Your task » Copy out every line of the material below, character for character, apart from the pictures.

**** Provided material

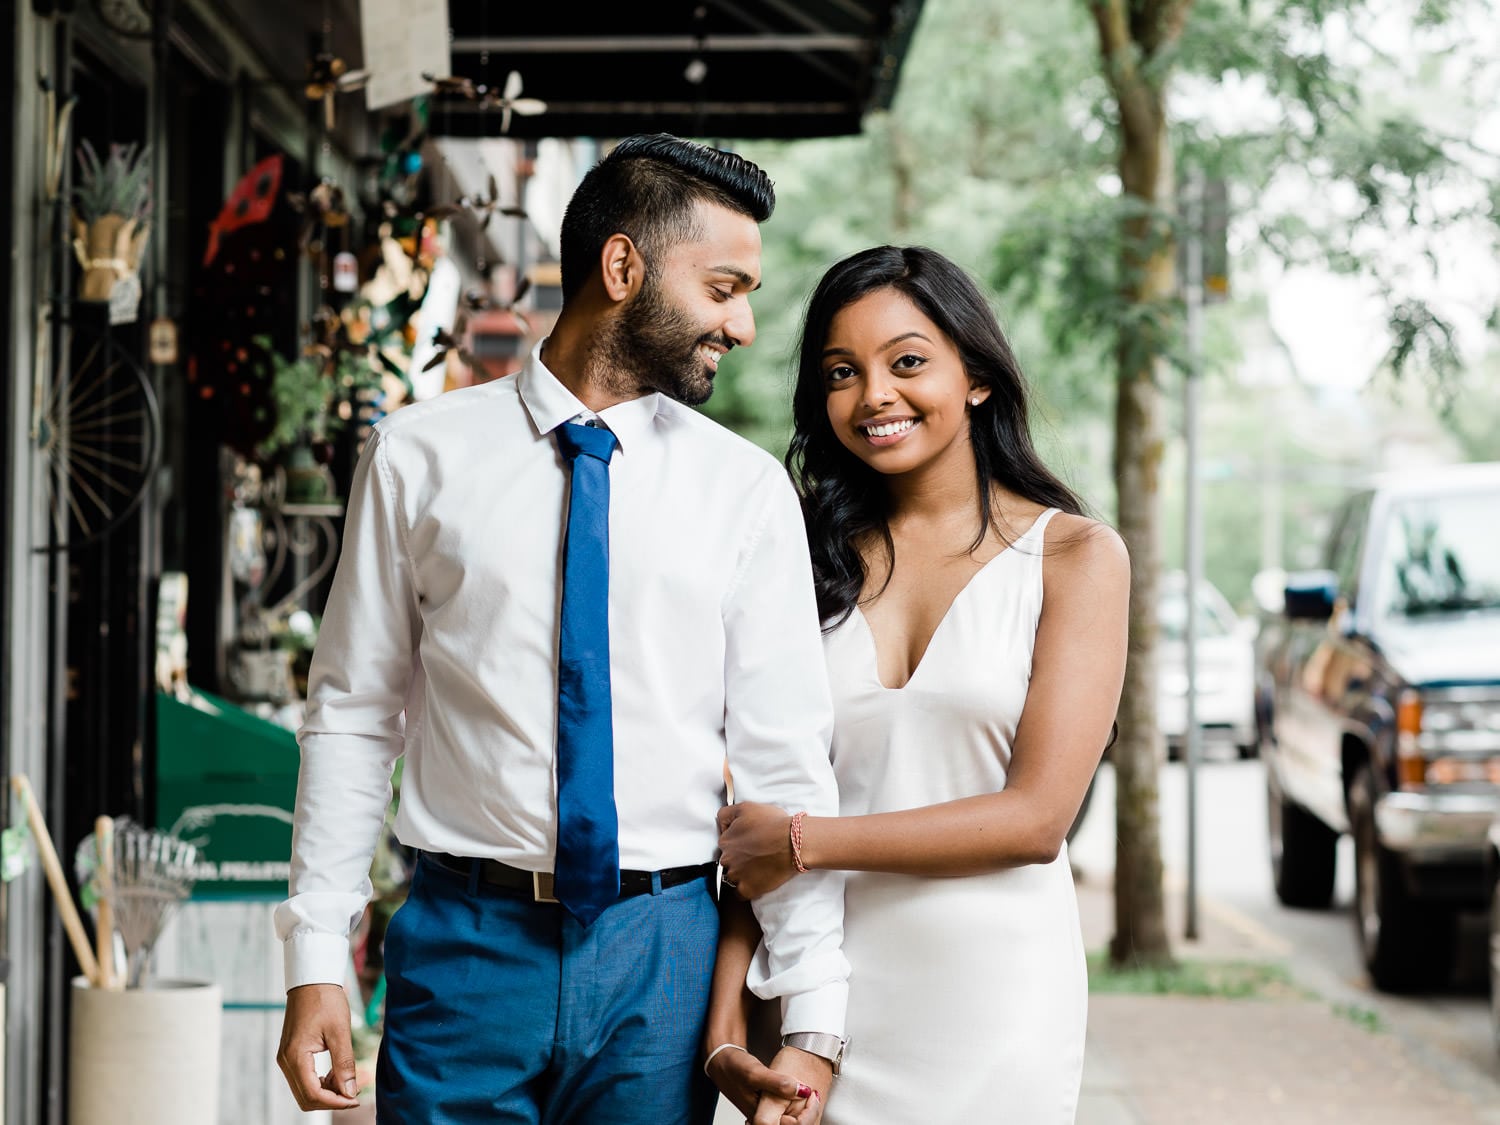 Fort Langley Engagement | Vancouver Indian Wedding Photographer
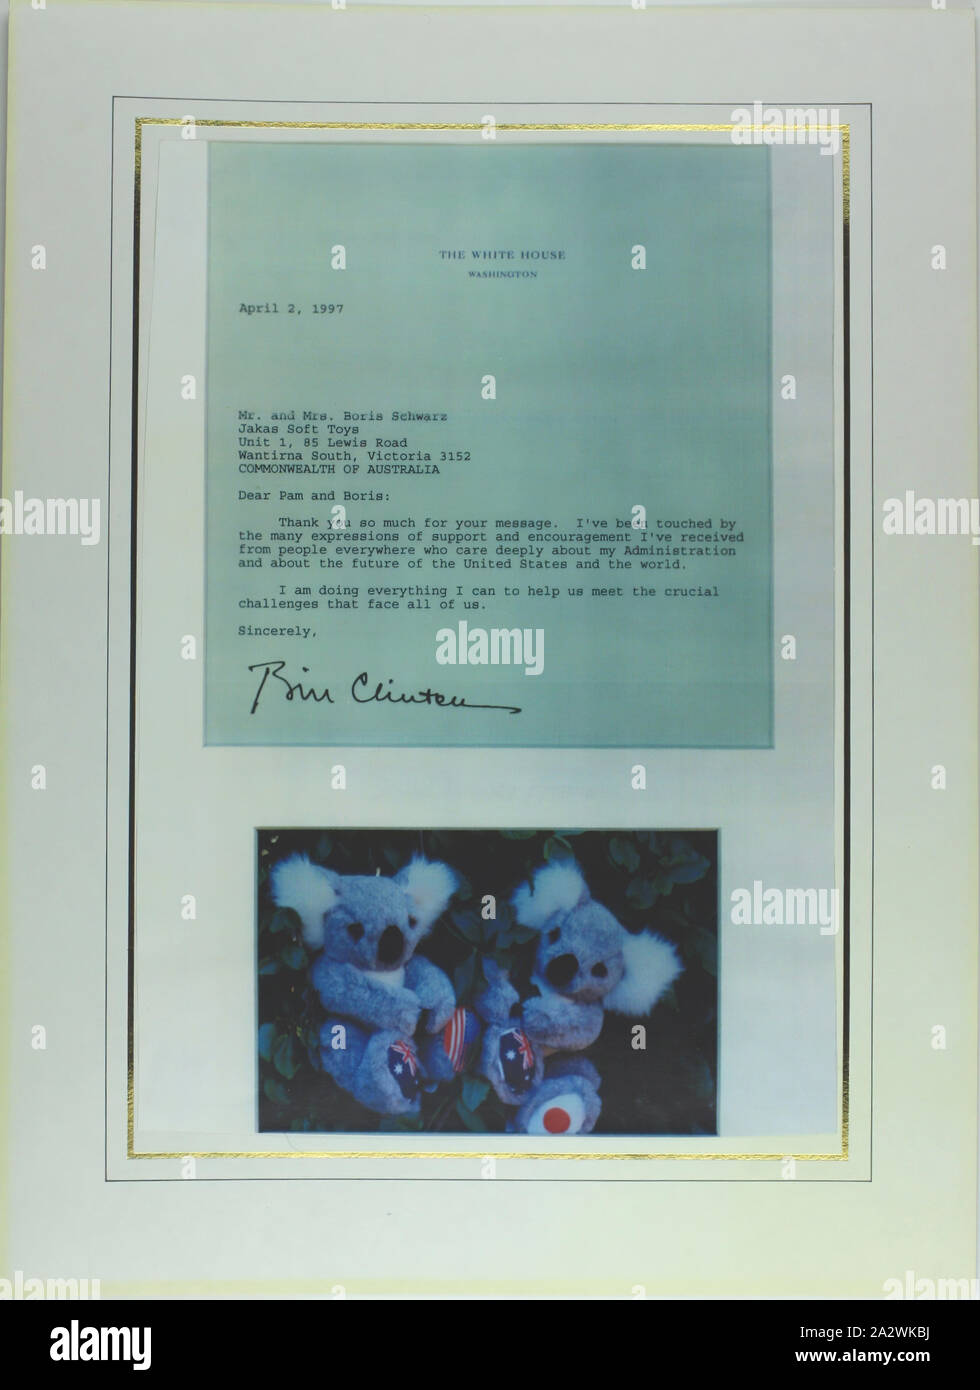 Letter - Jakas Soft Toys, Melbourne, 1997, Mounted photocopy of a letter from U.S. President Bill Clinton, dated 2 April 1997, to Mr and Mrs Boris Schwarz thanking them for their message of support. Jakas Soft Toys was a Melbourne-based company which designed and manufactured genuine high quality soft toys from 1956. Their designs included a range of teddy bears, golliwogs, animals and birds. Jakas Soft Toys ceased production in December Stock Photo
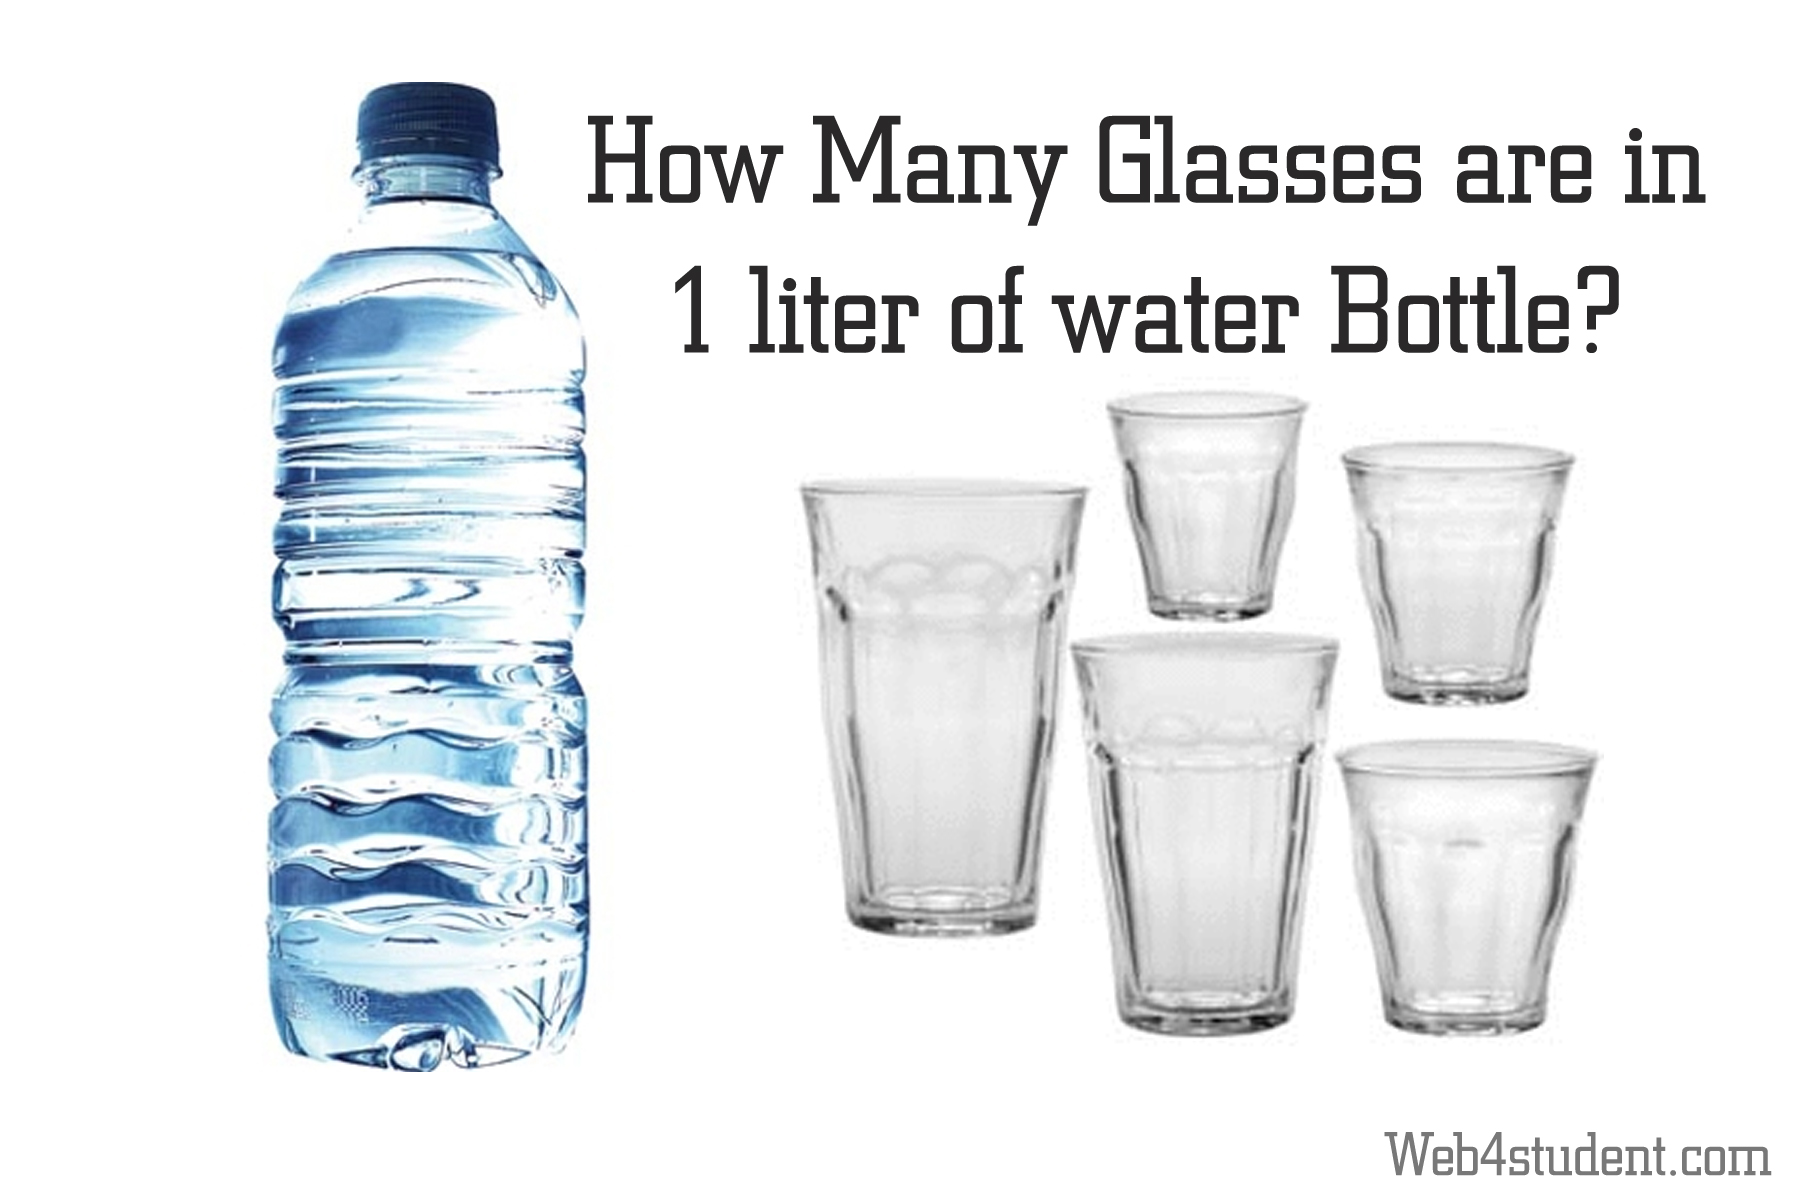 How Many Glasses are in 1 liter of water Bottle?
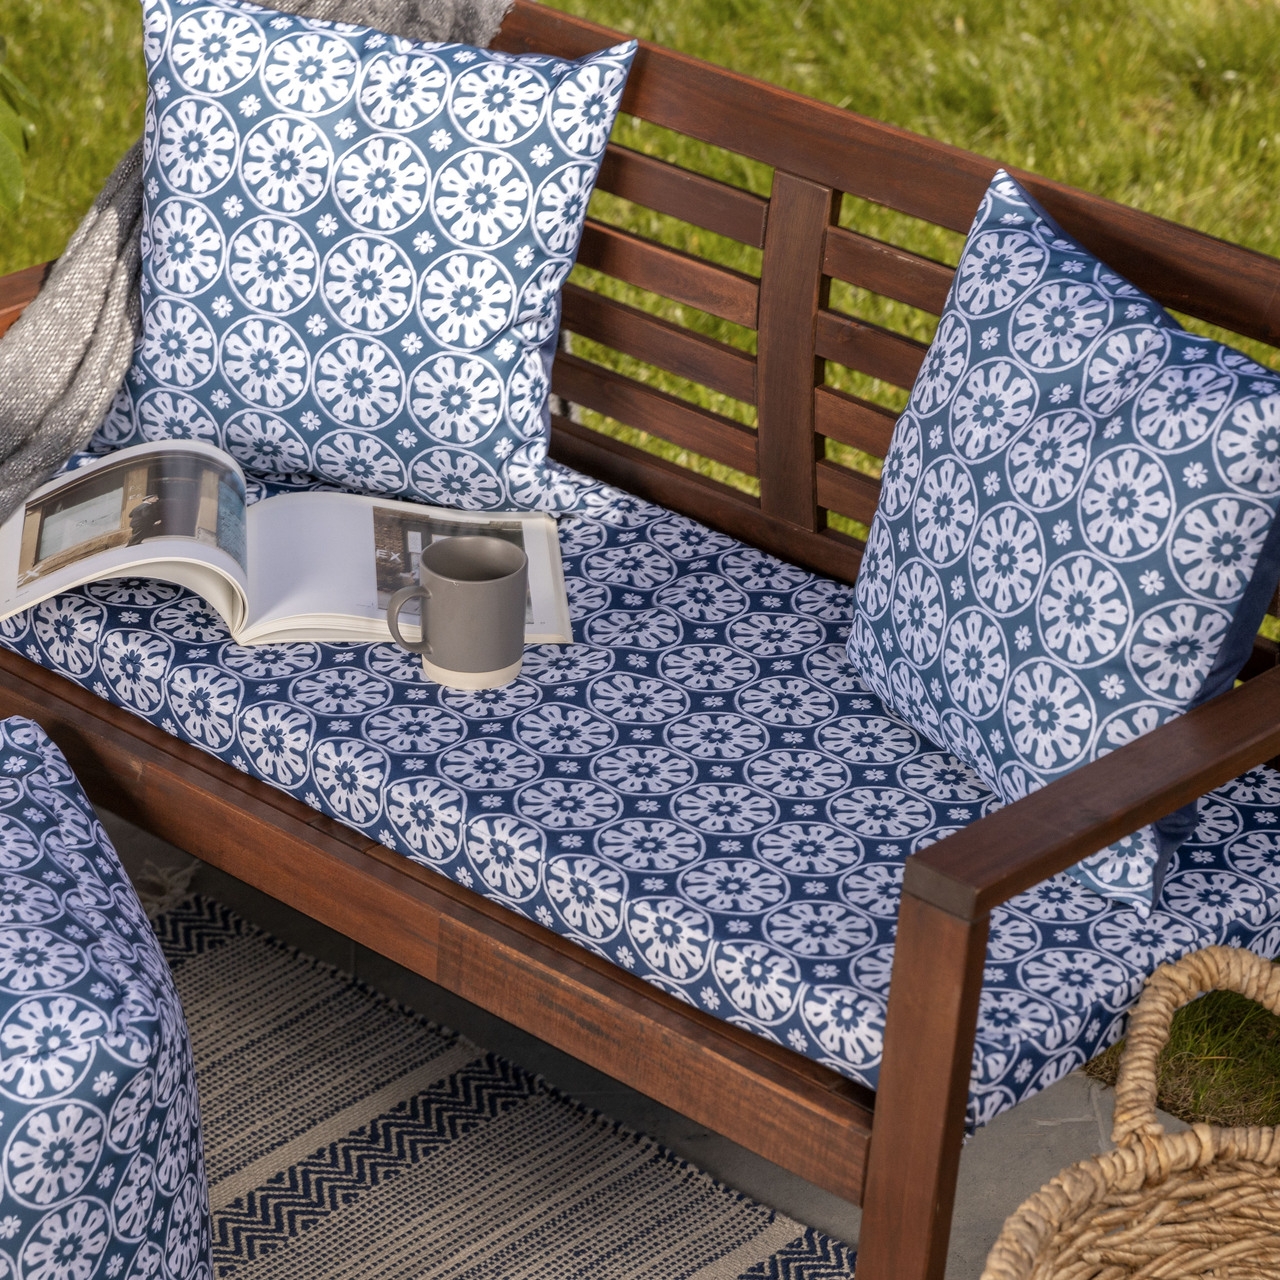 Celina Digby Luxury Water Resistant Garden Outdoor Bench Seat Pad – Casablanca Navy (Available in 2-Seater or 3-Seater Size) (114cm x 47cm 6cm)

********

Your solution »
 Fort Langley Engagement | Vancouver Indian Wedding Photographer
 Letter - Jakas Soft Toys, Melbourne, 1997, Mounted photocopy of a letter from U.S. President Bill Clinton, dated 2 April 1997, to Mr and Mrs Boris Schwarz thanking them for their message of support. Jakas Soft Toys was a Melbourne-based company which designed and manufactured genuine high quality soft toys from 1956. Their designs included a range of teddy bears, golliwogs, animals and birds. Jakas Soft Toys ceased production in December Stock Photo
 How Many Glasses are in 1 liter of water Bottle?
 Celina Digby Luxury Water Resistant Garden Outdoor Bench Seat Pad – Casablanca Navy (Available in 2-Seater or 3-Seater Size) (114cm x 47cm 6cm)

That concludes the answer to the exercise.